• WORK ITEM:
Every line below from the one with "Shoot water into" through the one with "A striking Spanish" should be retyped exactly, both ends included; no other lines and no pictures.

• SOURCE DATA:
· · ·
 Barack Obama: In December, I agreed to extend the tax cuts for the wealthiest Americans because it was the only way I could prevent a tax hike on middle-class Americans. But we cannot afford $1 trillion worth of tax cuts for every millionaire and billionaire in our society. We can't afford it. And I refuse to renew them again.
· · ·
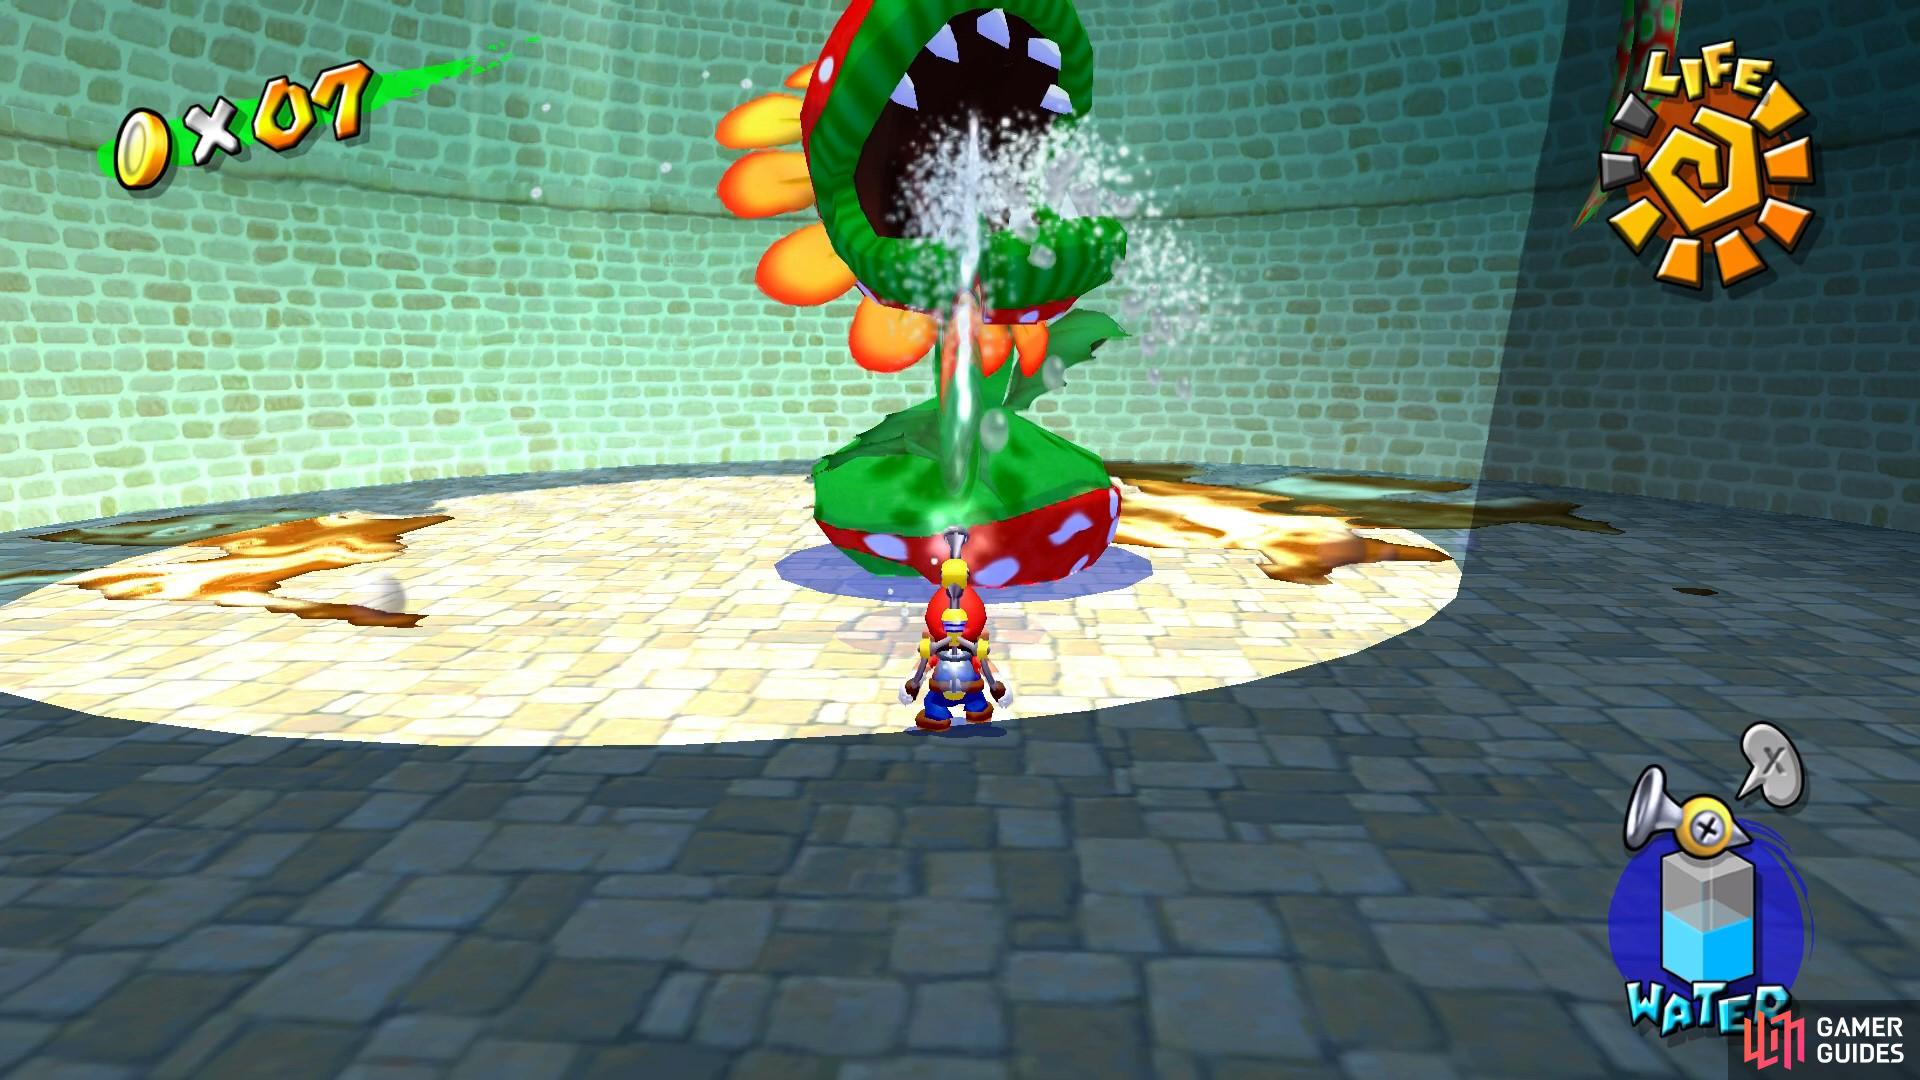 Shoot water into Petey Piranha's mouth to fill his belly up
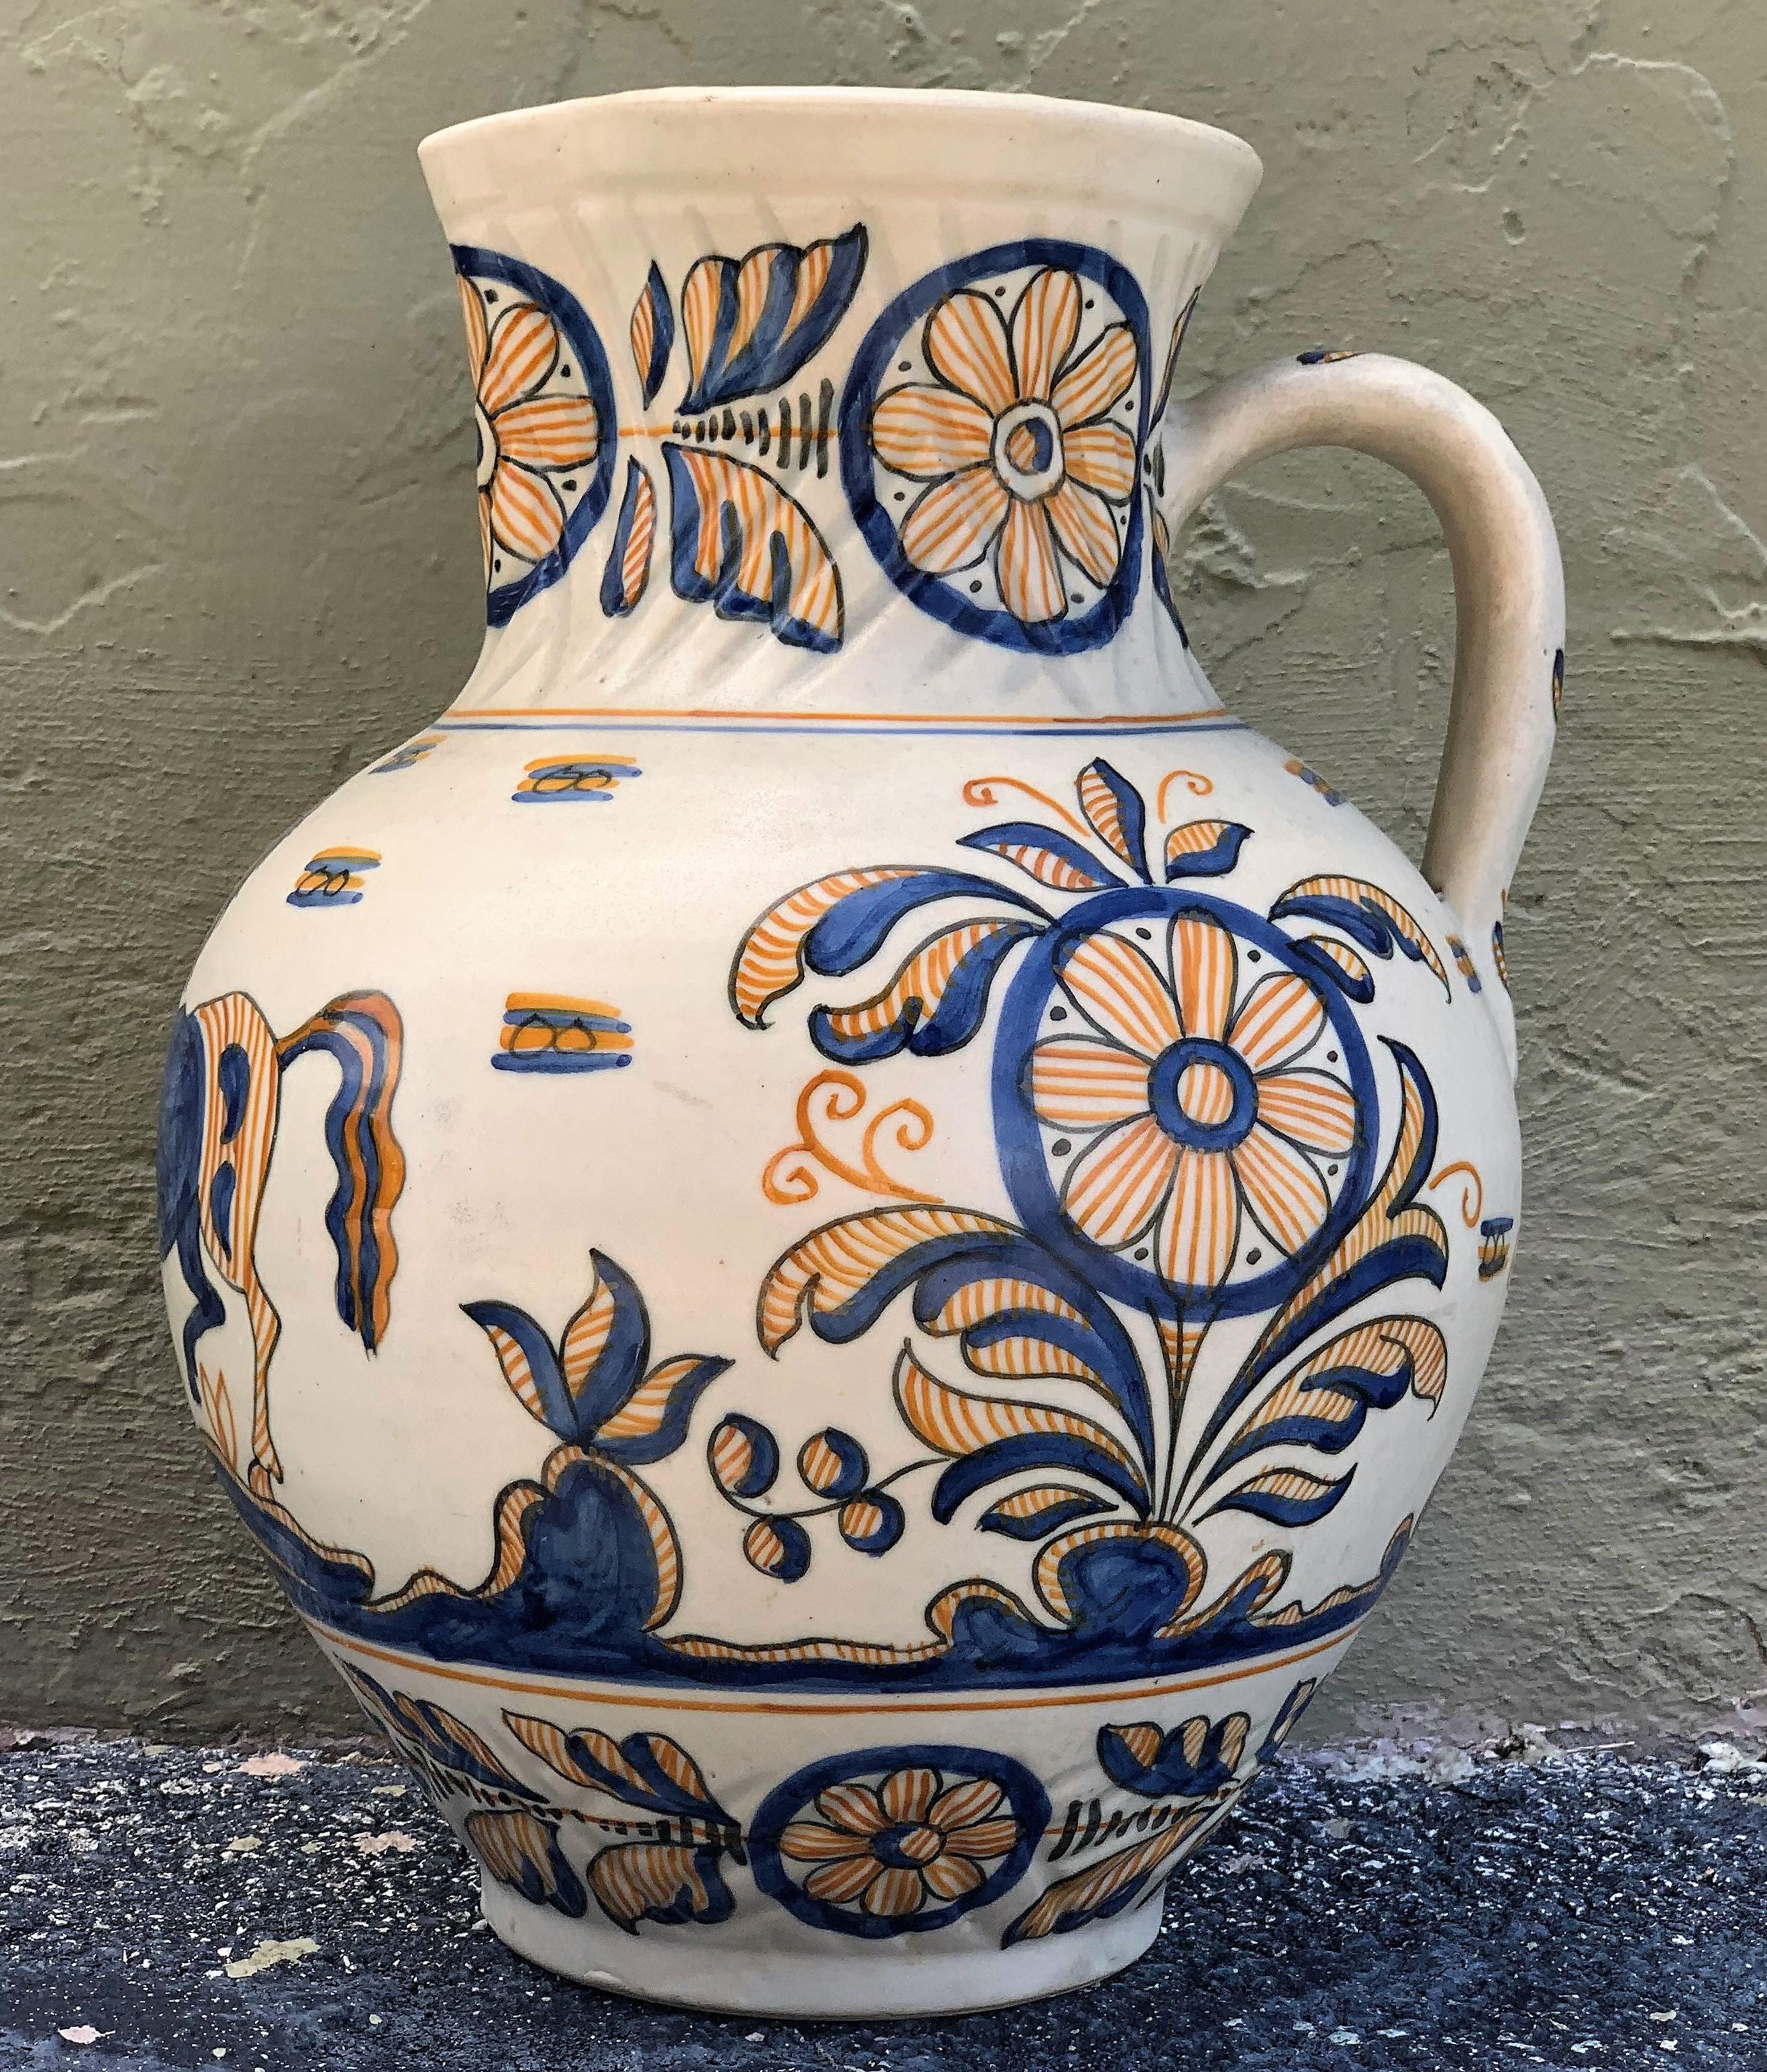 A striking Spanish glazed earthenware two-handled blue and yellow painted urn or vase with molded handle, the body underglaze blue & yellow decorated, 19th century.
· · ·
• SOLUTION FOR THIS PROBLEM:
 Shoot water into Petey Piranha's mouth to fill his belly up
 A striking Spanish glazed earthenware two-handled blue and yellow painted urn or vase with molded handle, the body underglaze blue & yellow decorated, 19th century.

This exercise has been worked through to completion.